The meat of the project was trying to come up with good prompts. I tried a few dozen variations and found that around 1 in 10 photos might be something that I could use. After around an hour, I created several new headshots in various styles that had an acceptable likeness.

If you’re going to try this, my main suggestion is to generate a lot of images from each prompt before you discard it. I had to sift through plenty of nightmare fuel to find these good results, but with enough photos, you can sift out good ones relatively quickly.

Nightmare fuel

Ultimately, I landed on this image, which had the best likeness of my face in a noticeable but subtle painterly style.

There was only one problem. What is up with that sweater?

No problem though, this was an opportunity to try another technique, AI-assisted inpainting. Its 2023 after all, If I don’t like the shirt, I’ll just have AI draw me a new one. So, back to repl.
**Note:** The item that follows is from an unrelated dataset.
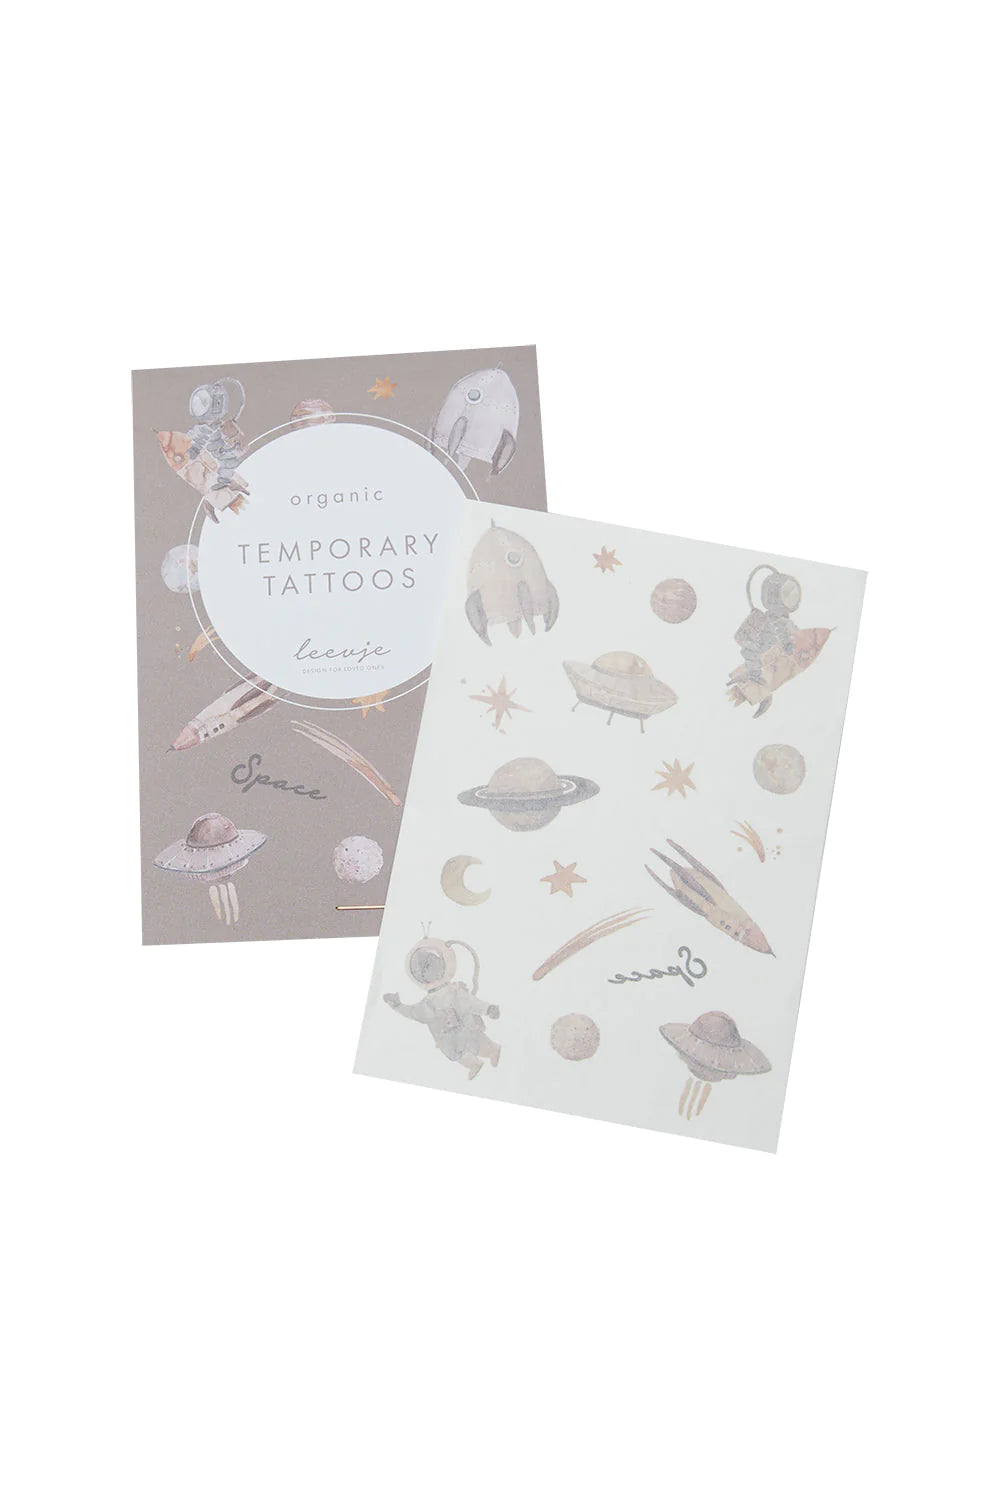 Organic Tattoos 'Universe' - The Little One • Family.Concept.Store.

First I needed to whip up a quick layer mask, So, I hopped onto my favorite web app, the incredible web-based Photoshop clone PhotoPea, and masked off the shirt by hand.

Unfortunately, my results from this method were… inconsistent.

Despite some pointed negative prompting, all it wanted to do was to create a somehow even uglier sweater!

Finally, I compromised and decided to move forward with this relatively basic t-shirt design, which I then just dumped back into PhotoPea to recolor manually with another hue and saturation adjustment layer.

Lastly, I wanted to see if I could do something about the background. This is the type of thing stable diffusion is great at, and it quickly gave me many usable options via prompts such as “simple stylized painting abstract colorful digital painting”

Then, it was back to PhotoPea to combine the layers together.

Given it was around 2 hours of work and around $3 of GPU time, I’m thrilled with how it turned out. Ultimately, I probably won’t be using this on LinkedIn, but it's still pretty cool. What do you think?